I want to pause for a moment and talk about art and climate change. I think this probably touches a lot of people in different ways. Most of us have seen it. We are kind of awash in apocalyptic fiction at the moment. We have all seen it on TV and in movies. I was recently at the second National Capital Art Prize, and almost all of the artwork there was about environmental collapse. This is what happens. I think a lot of artists get asked why they choose the topic they choose. I often see people a bit puzzled when they are asked that question. I think most artists have a similar motivation. It is quite easy to make out. You just open up a vein and bleed on the page. You are projecting what is in you and what is all around you. So the reason we are awash in all of this apocalyptic environmental disaster at the moment is that that is what we are thinking about. That is what we are literally breathing in at different points.

I am part of that movement. I wrote rom-zom-com once. I thought I would put a bit of humour in there, because it is quite difficult to deal with otherwise, and it was a lot of fun writing that book. It was girl meets boy, girl loses boy, zombies attack. You have probably seen the same sort of story quite a lot! I remember doing interviews at the time, with media asking me: “Why zombies? Why are there so many zombies around?” It seemed so obvious to me: armies of mindless consumers destroying everything good. This is the world that a lot of us feel like we are living in and feel like we are trapped in.

There is a lot of fear and anxiety there. It is real, it is genuine and it is completely and utterly rational—an absolutely rational response to what is going on around us. But the problem with fear is that it is quite paralysing. I think we all understand now that there are few different human responses to threats—fight/flight/freeze. I sort of feel like Australia has been frozen for a couple of decades and it is really, really, unhelpful.

I take hope from the fact that we are not frozen on other environmental disasters.
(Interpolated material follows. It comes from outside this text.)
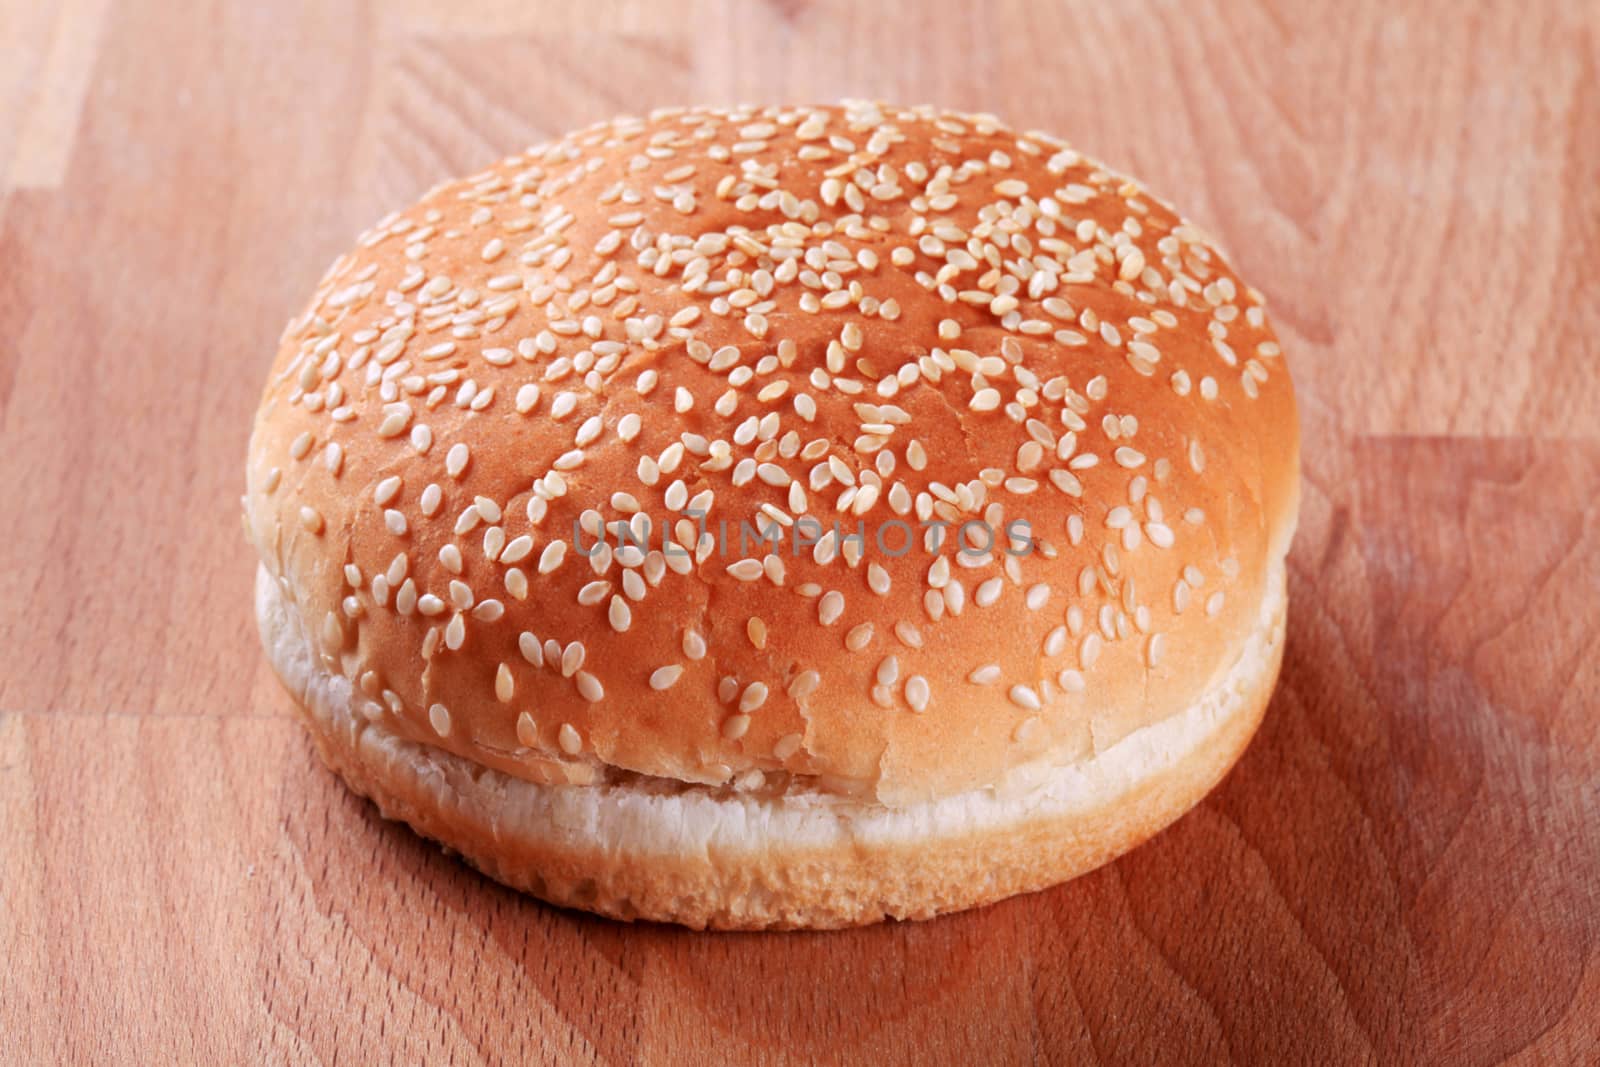 Hamburger bun with sesame seeds on top

With the hole in the ozone layer, leaded petrol and lot of things, we did not politicise it; we just leapt in and fixed them. I think we are finally getting there now. I think it is really, really good to think about the action that we are taking and the action that we can take. It is much more helpful, as a response, than fear and anxiety.
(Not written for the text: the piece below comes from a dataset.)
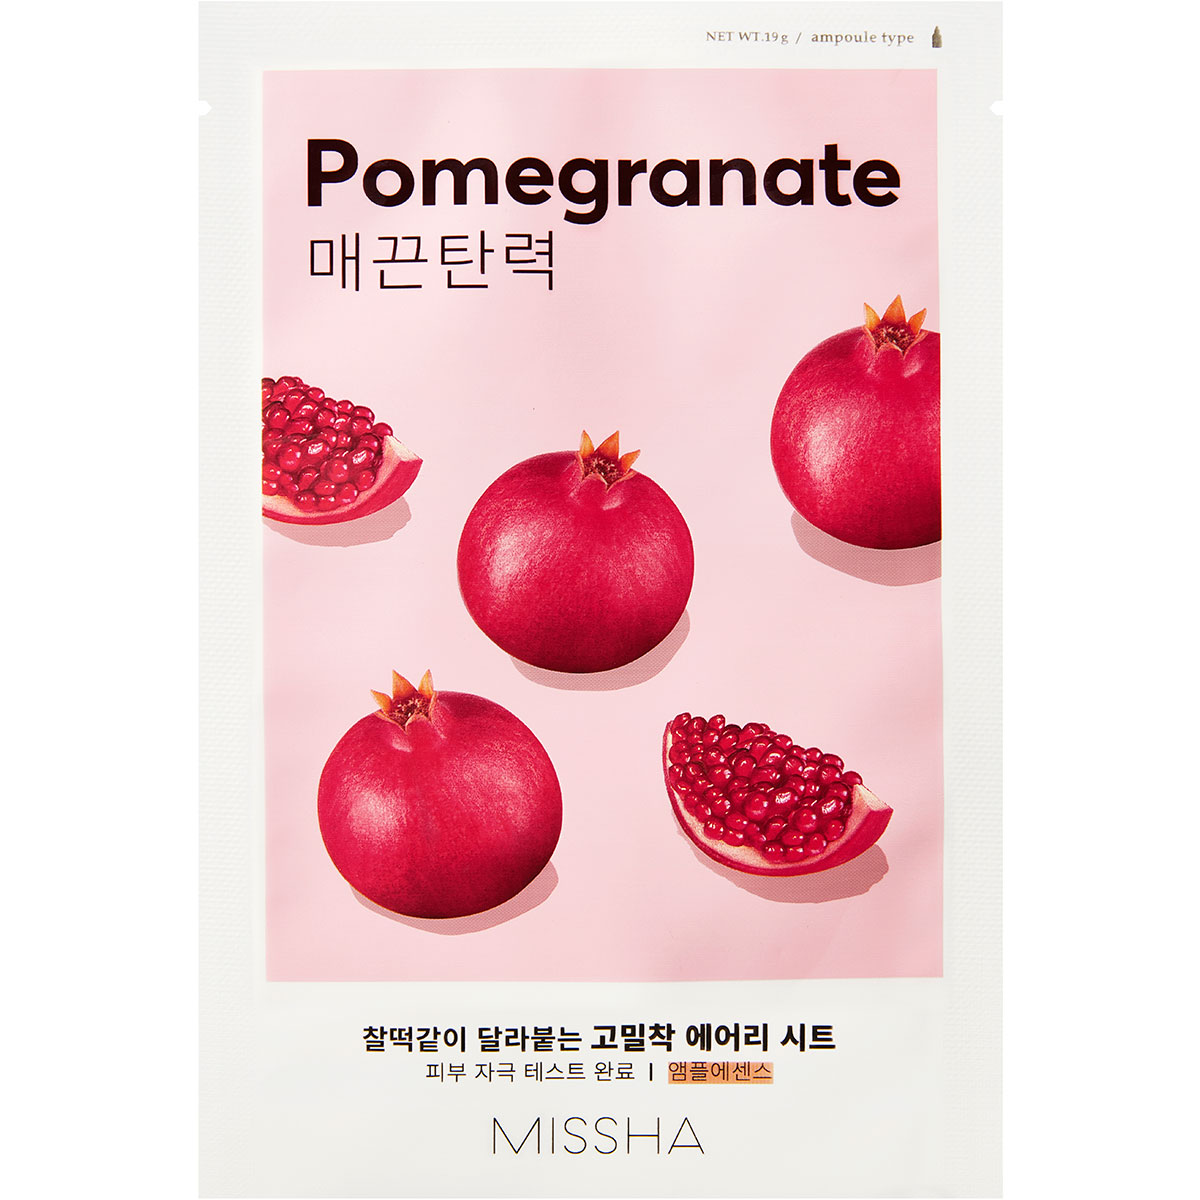 Airy Fit Sheet Mask (Pomegranate), 19 g MISSHA K Beauty Masker

Here in the ACT we have done a lot. We have a plan to get off fossil fuel gas. That is amazing. We are the first in Australia to do that. I hope everybody else is going to follow us. I hope the federal government is going to follow us. That is fantastic. We have a plan to electrify our transport. It is so good to see that plan.
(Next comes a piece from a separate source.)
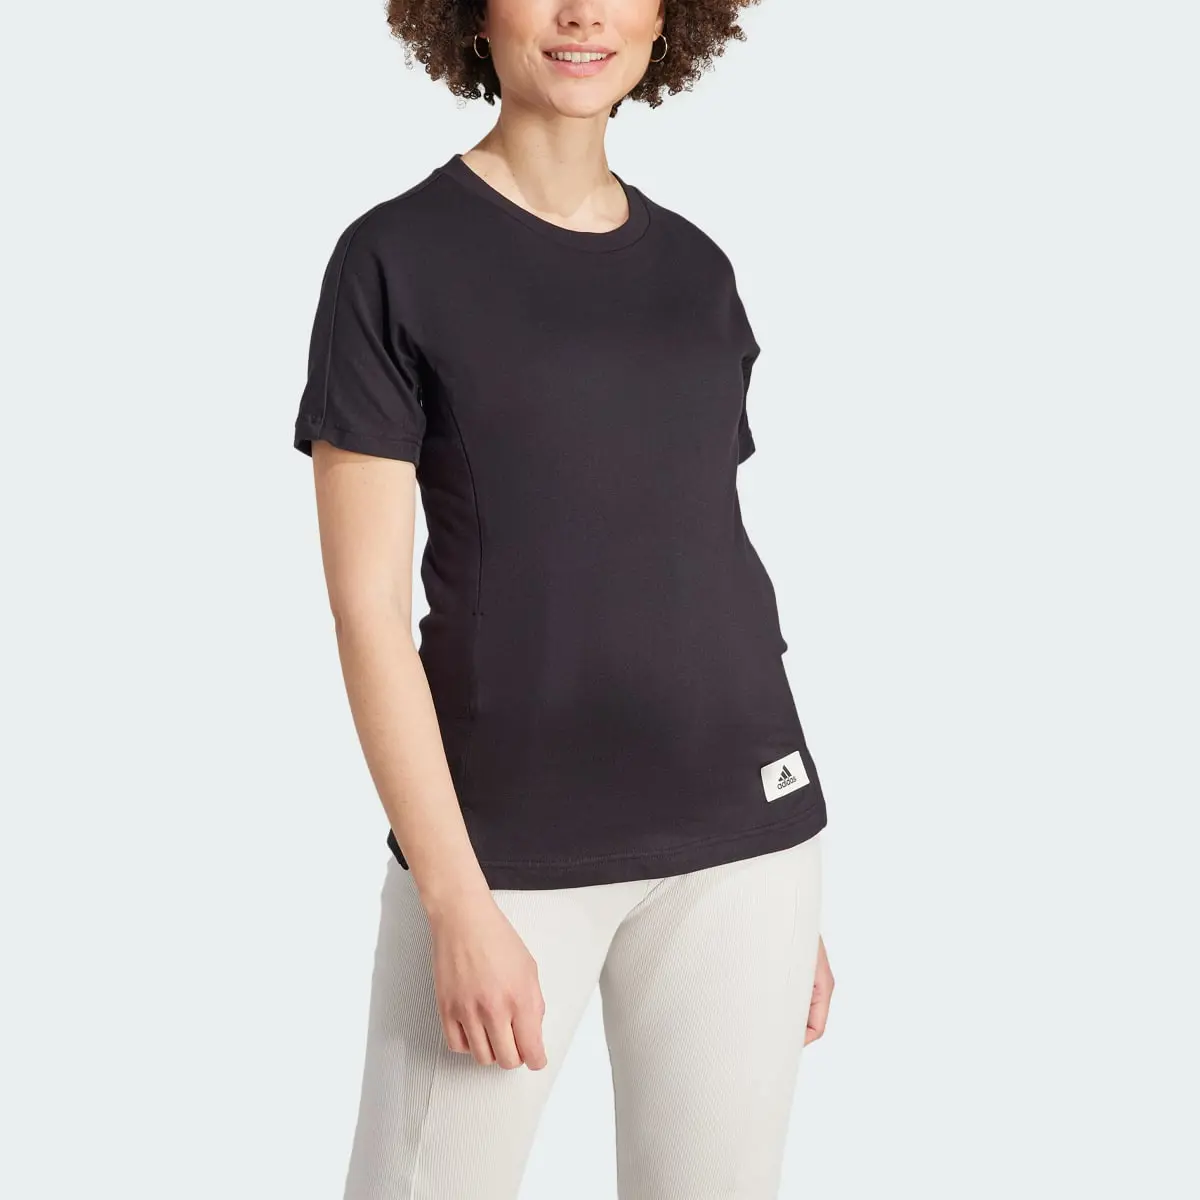 Adidas T-shirt (Maternité). 1

We are capable of change really, really fast as a society. I am a new politician. I campaigned in 2020, and both of those policies—getting off fossil fuel gas and getting on to EVs—were labelled as crazy Greens policies. I have heard people in here dissent to them and label them crazy Greens policies. Now they are mainstream. They are simply getting on with it. This is what climate action looks like. It is a whole collection of decisions that you make that are sensible decisions, and you make them every day.